Zenn Kyi’s essay goes on to identify Myanmar’s education system as the main culprit for imbuing Myanmar people with this mindset. He draws from his experiences attending high school and university in the United States, saying: “If a student were to present an essay with one paragraph copied from one book, another from another book, and another from the internet, the teachers would know. In that case, the essay would receive an F (zero). They would be called in to meet with the teacher in person, lectured about why this is a bad thing, and it would be recorded in a record that they did this. If it happened again, the news would reach the principal. From the principal, it would be relayed to the parents. If it happened a third time, they would be expelled from the school.

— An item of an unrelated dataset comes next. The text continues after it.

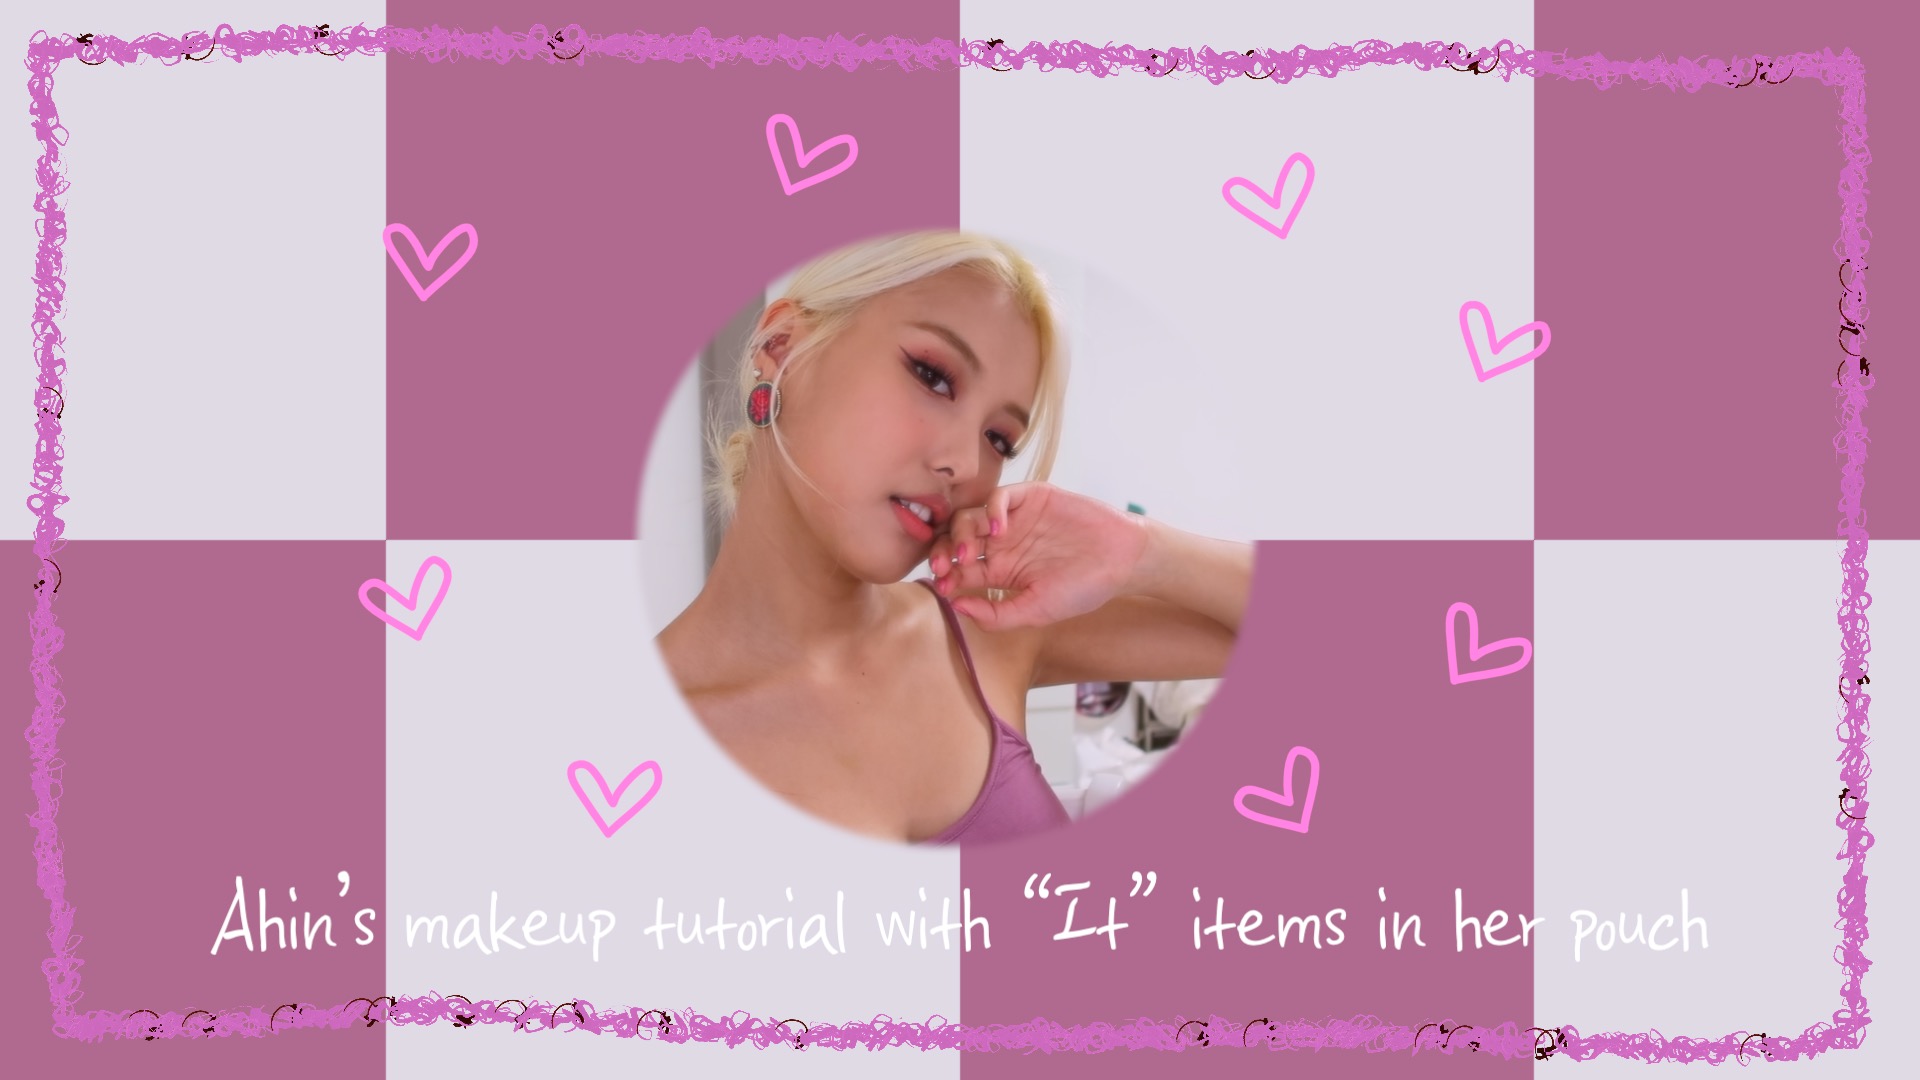 [아인랜드🎬] EP9.아인이의 잇템 뷰티 메이크업!💄/ Ahin’s makeup tutorial with “It” items in her pouch 🌟

“That’s why most students don’t dare to do it. They write as much as they know, as much as they remember, and turn it in. This is the only way teachers can correctly and carefully determine what level the students are at! Like how this system teaches students that plagiarism equals shame, it also gets students in the habit of turning their projects in on time. Sometimes, two or three subjects will coincide to pile on multiple projects and assignments at the same time. When that happens, time management becomes very important, and students simultaneously learn that they need to respect their time.”

Zenn Kyi contrasts this with the Myanmar system, where “if a teacher assigns an essay, you will only get full marks if you can write exactly what the teacher teaches. If something is a bit off, your score will be lowered to that degree. It’s standard to believe that a student is bright only if they can produce a word-for-word copy of what is taught.

“I never had to write an essay before, so I never had any understanding (knowledge + experience + appreciation) of how difficult it is, how much time it takes, and how much preparation it takes to do so. In addition to that, I never really retained knowledge. So, I see it as a system that chops at the tree trunk of students so that they can’t develop their own opinions or the ability to weigh conflicting information.”

Zenn Kyi ends his essay by calling for educational reform that he believes will help change the culture of copying in Myanmar.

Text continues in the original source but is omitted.